§ **The data**:
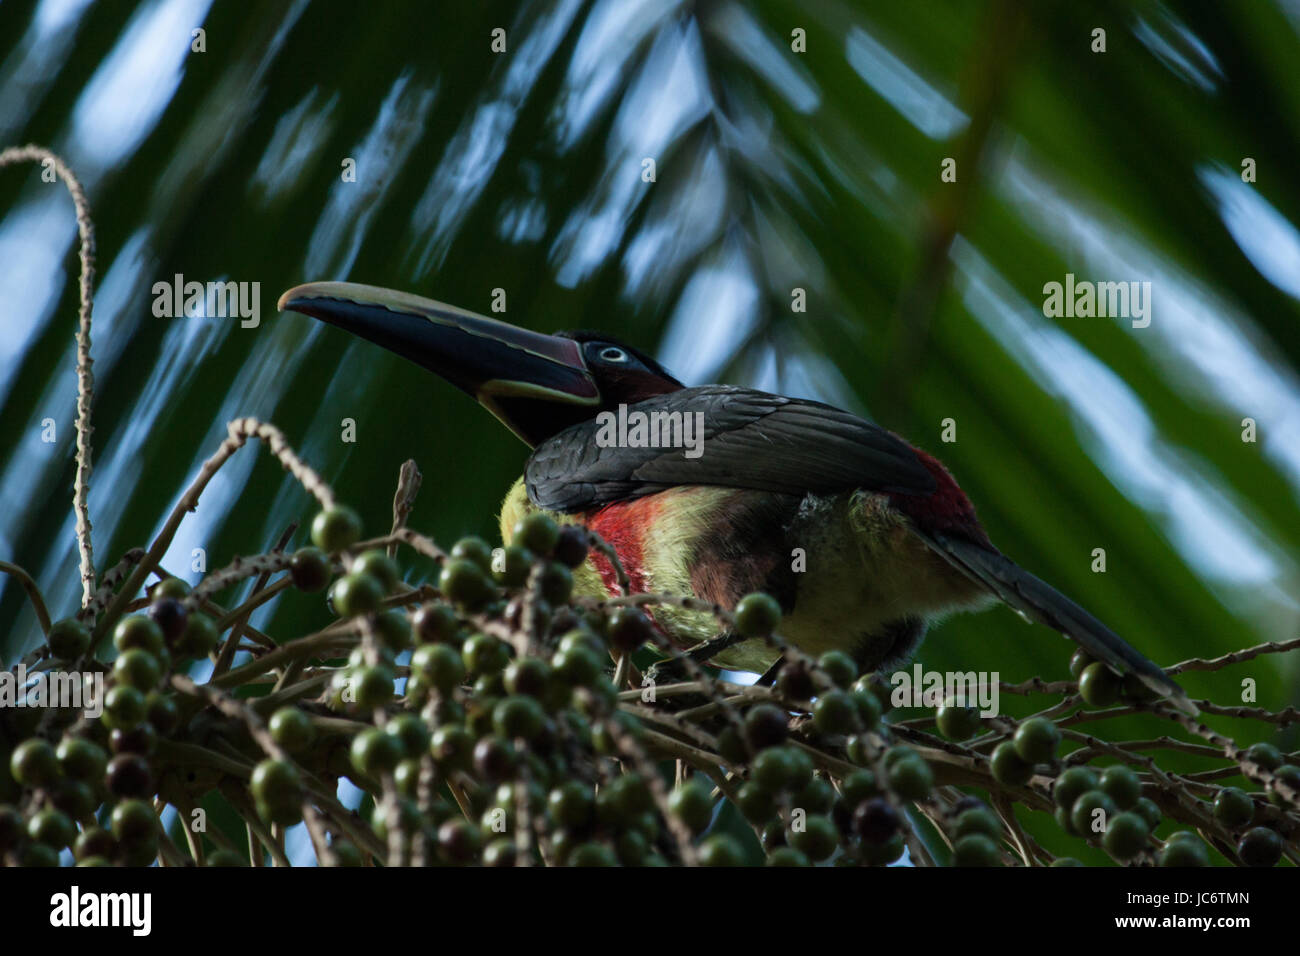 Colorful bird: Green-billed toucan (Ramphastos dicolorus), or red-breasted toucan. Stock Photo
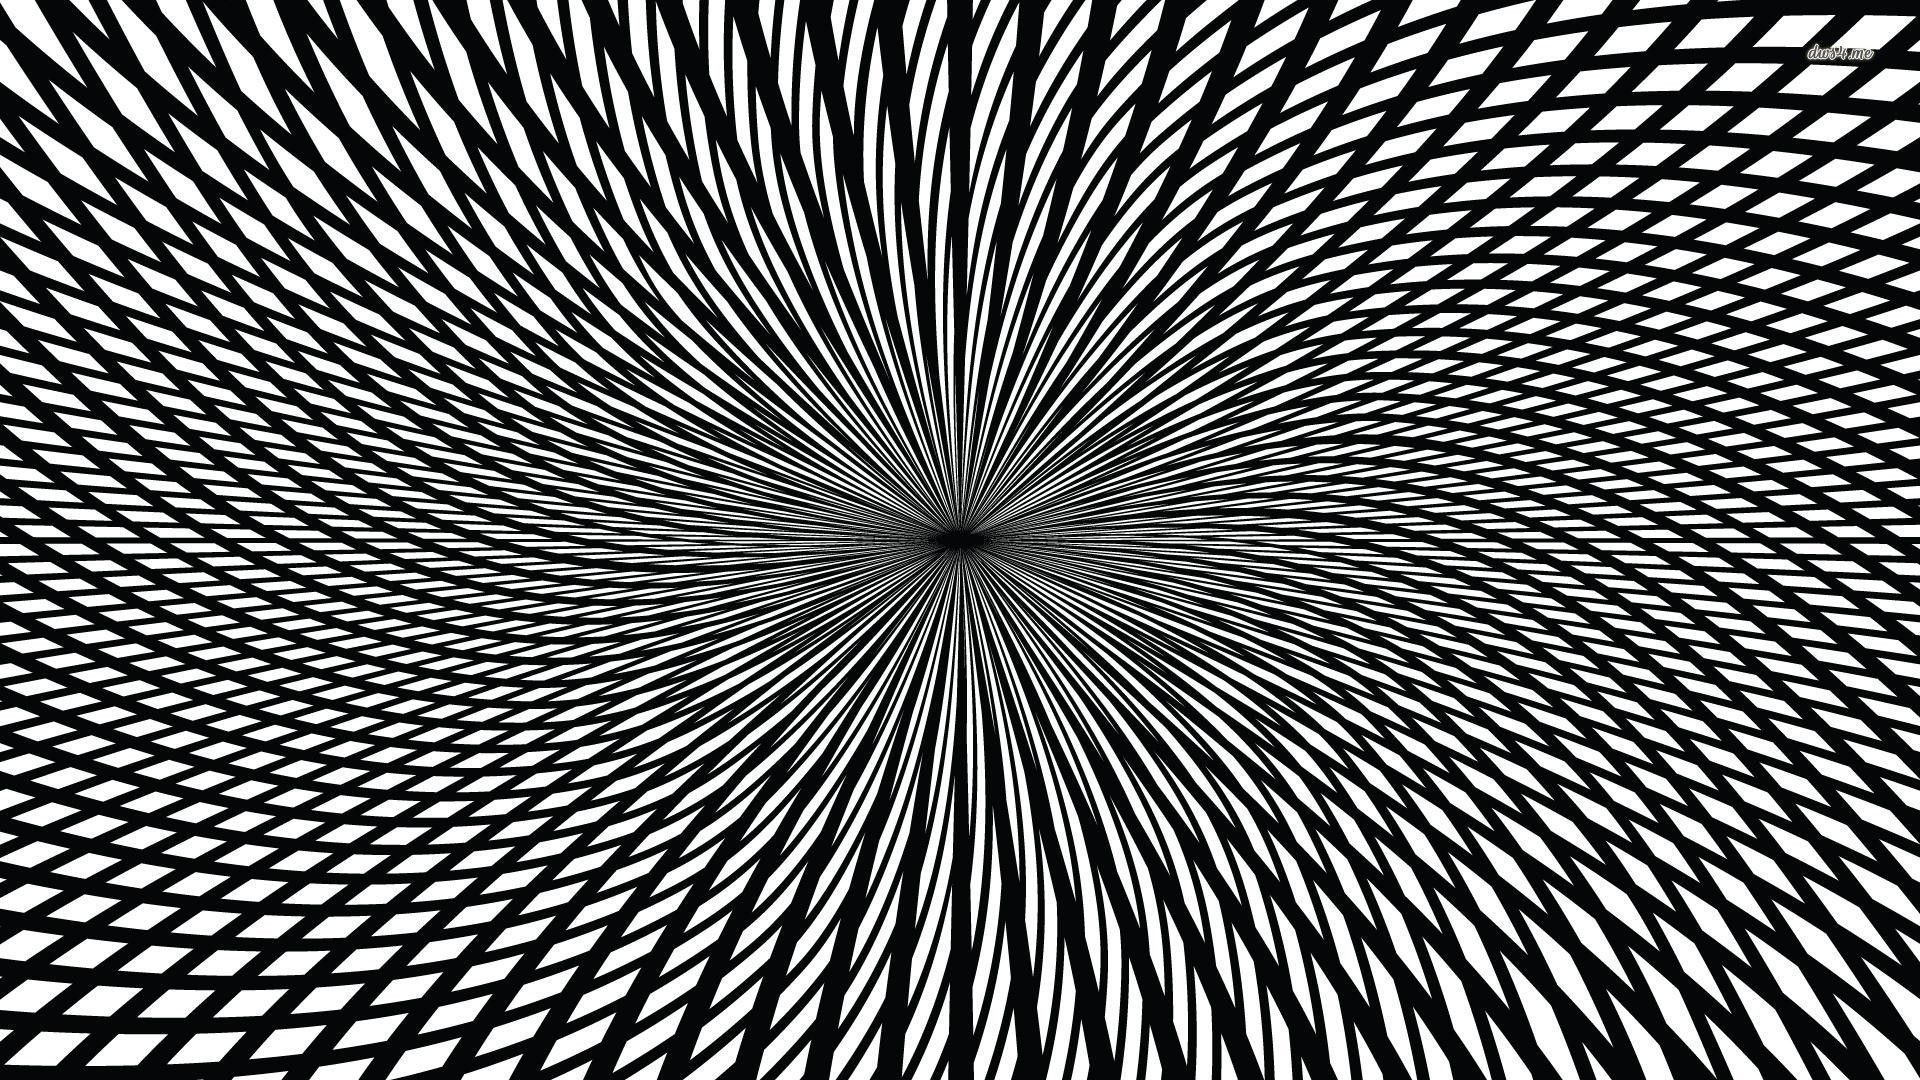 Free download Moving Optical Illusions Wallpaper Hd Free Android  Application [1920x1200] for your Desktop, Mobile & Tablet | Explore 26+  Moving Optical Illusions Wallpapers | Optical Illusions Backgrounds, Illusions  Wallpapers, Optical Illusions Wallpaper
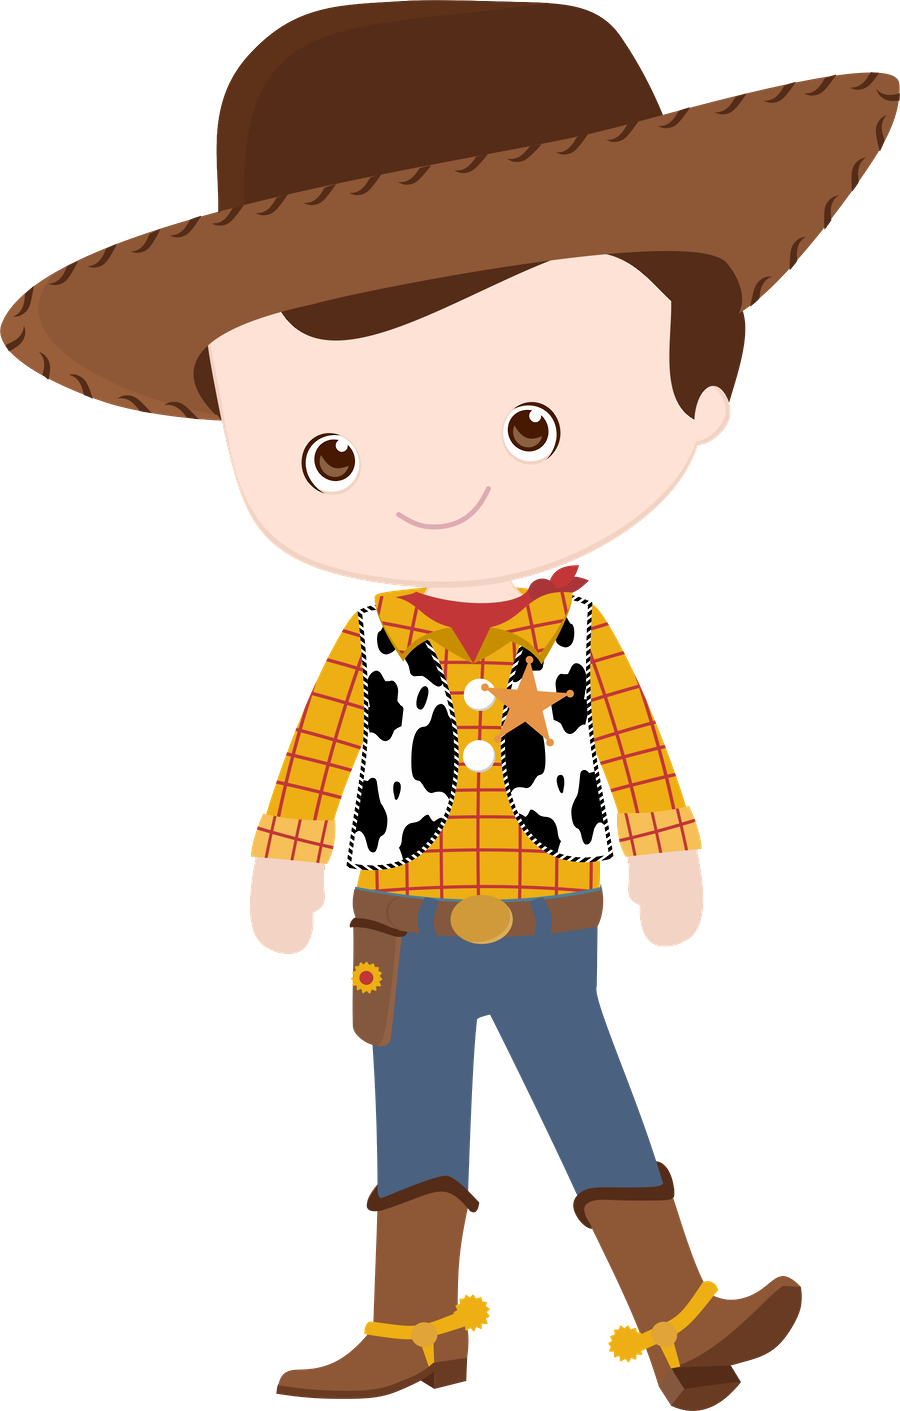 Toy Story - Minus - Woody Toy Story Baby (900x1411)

§ **Your assignment**:
Nothing but the lines from the one holding "Free download Moving" through the last line of the listing should appear in the answer, copied exactly and without pictures.

§ **Result below**:
 Free download Moving Optical Illusions Wallpaper Hd Free Android  Application [1920x1200] for your Desktop, Mobile & Tablet | Explore 26+  Moving Optical Illusions Wallpapers | Optical Illusions Backgrounds, Illusions  Wallpapers, Optical Illusions Wallpaper
 Toy Story - Minus - Woody Toy Story Baby (900x1411)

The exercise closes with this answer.